Press release 31/03/2000 00:00 CET

Kvaerner Construction has beaten two of India’s monsoon seasons and some of the region’s worst sea conditions to create one of the world’s largest liquid chemical loading jetties in the Gulf of Cambay.
The £50 million ($75m) design and build scheme for a consortium of chemical, petro-chemical and fertiliser industries operating in the state of Gujarat, some 300 kilometres north of Mumbai, is now nearing completion, with the first vessels expected to unload within the next two months.
Commencing in September 1997, the project involves construction of a piled concrete jetty at Dahej reaching out 2.4 kilometres across tidal waters from the shoreline, and capable of handling up to 1.8 million tonnes of liquid cargo per year from tankers of between 6,000 and 40,000 dead weight tonnes capacity.
The contract for the Gujarat Chemical Port Terminal Company, covers design, detailed engineering, procurement, fabrication, construction, installation and commissioning of all marine structures, including berthing and mooring dolphins, with interconnecting walkways, telecommunications, gas detection and fire-alarm systems.
The scheme also includes a service platform, measuring 30 metres by 17, and control room building at the end of the jetty, together with eight marine loading and unloading arms handling a variety of liquid chemicals, including two refrigerated cryrogenic products.
To overcome very shallow inshore coastal waters, the jetty has to extend to the deep waters beyond the inter-tidal zone. Faced with the onslaught of monsoon conditions between mid-May and mid-September every year, the project team developed a largely land-based piling operation.

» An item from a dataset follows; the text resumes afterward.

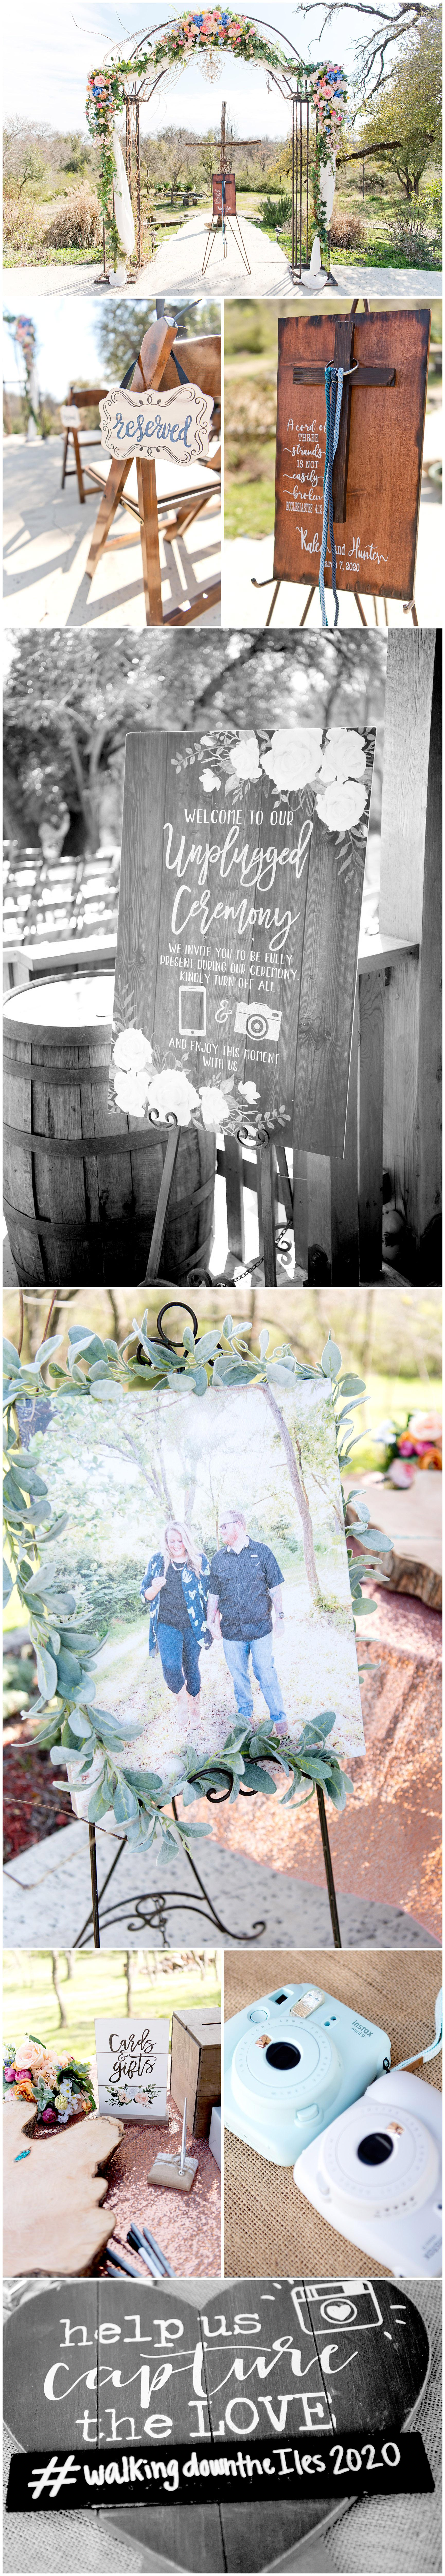 Hidden Gardens Wedding Venue Fort Worth Texas
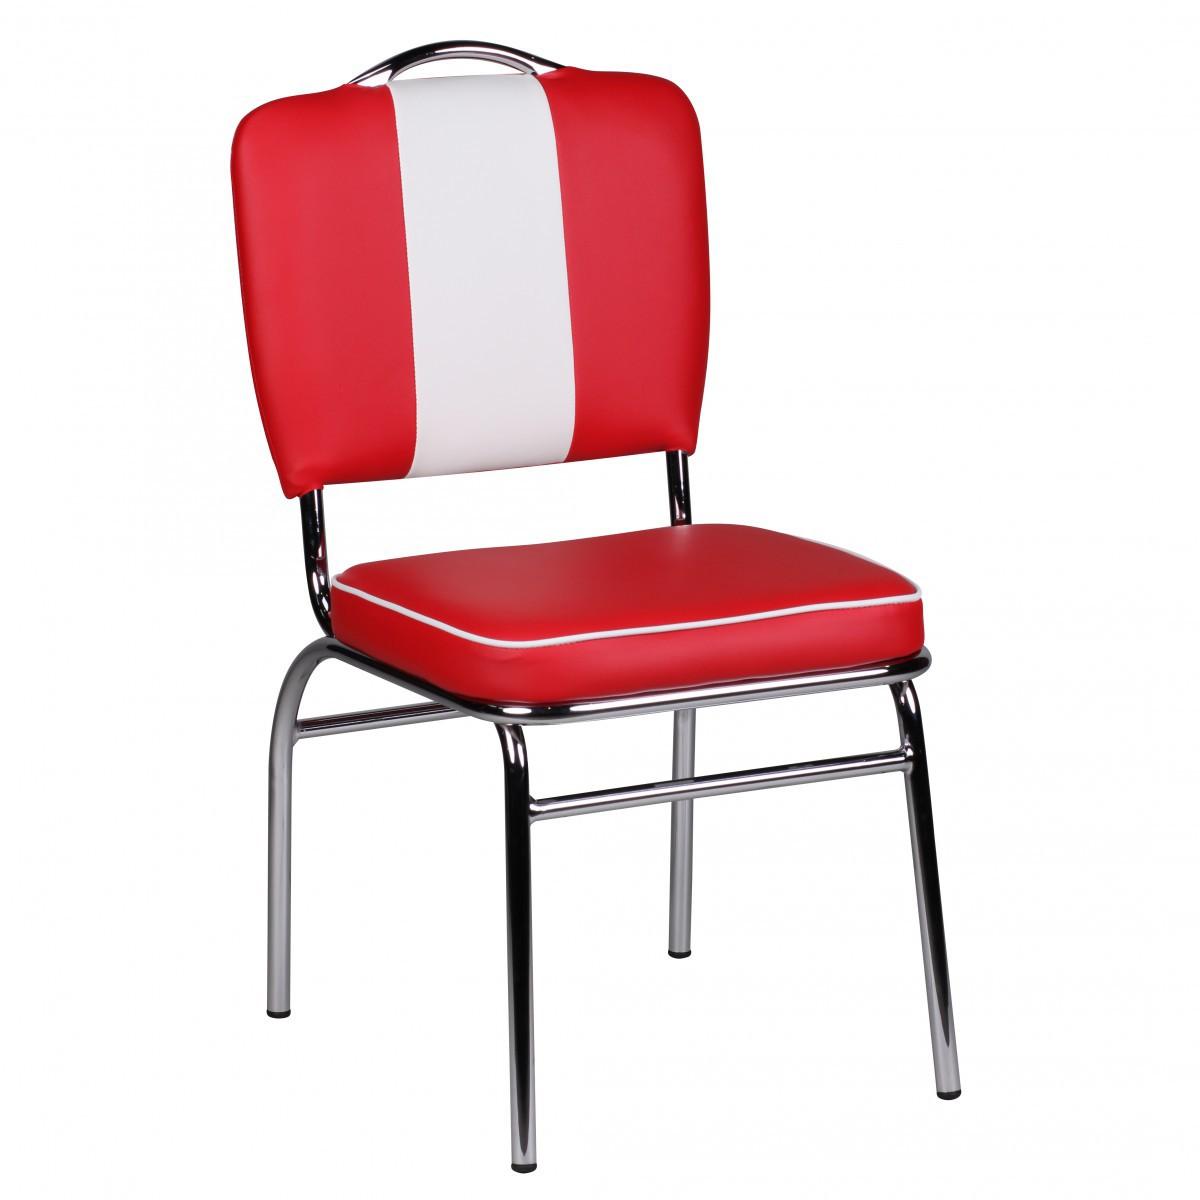 Esszimmerstuhl American Diner Stuhl 50er Jahre Retro Möbel Stuhl

For the first 1,600 metres across shallow waters, over 450 concrete bored piles were installed by locally-based sister company, Kvaerner Cementation India, using a walking gantry system. A temporary steel road deck was slung between two of the pile columns to allow trucks to deliver pre-cast deck units and construction materials as work extended out to sea.
To meet stringent design and programme requirements, some 370 steel piles up to 60 metres long were driven into the seabed for the deep-water end of the project, installed by Singapore-based Antar-Koh from a floating barge - but the entire piling and construction operation was progressed from the landward end.
As Kvaerner Construction International’s projects director in India, John Bradshaw, explained: “In these coastal waters, between May and September it is normally impossible to operate floating plant. However, utilising a jack-up barge from the Middle East to support our other operations we were able to continue working through the second monsoon period of the project and maintain progress requirements.” High cost of marine plant was another factor in the drive to operate as much as possible from shore.
Three columns of piles support the jetty decking, consisting of solid precast longitudinal tie beams, with transverse pile capping beams precast as open troughs to accommodate the reinforcement and concrete which binds the structure together.
Pipe runs between the loading arms and an onshore chemical storage facility are located on one side of the jetty in steel support trestles. On the opposite side is another pipe truss to meet future requirements while between the trusses is a raised concrete roadway.
To accommodate high tidal ranges and extreme wave conditions caused by the south-west monsoon winds, the mooring point of the structure stands some 20 metres above low tide. Wrapped in extra layers of corrosion resistant plating, the driven steel piling penetrates some 24 metres into the seabed, which lies over 20 metres beneath low sea level.
Steel for the deepwater piling was shipped from Japan and Germany, but this and other offshore procurements amounted to no more than a quarter of project costs.
India’s high import and customs duties encouraged the Kvaerner team to seek out indigenous supplies wherever possible, guided by the long-established onshore experience of Cementation India as main civils sub-contractor.
In all, around 3,000 precast deck units and 400 steel trestles were fabricated onshore. The driven piling, in various thicknesses from 18 to 32 mm, was assembled and prepared from 12 metre lengths of tubular steel in a huge fabrication yard onsite.
The site also welded and fabricated 16 lines of pipework, each extending over 2.4 kilometres from the loading arms to the onshore storage facility.
With the structural work completed, the final M&E and control systems are being installed ready for contract handover before May – and the start of yet another monsoon summer...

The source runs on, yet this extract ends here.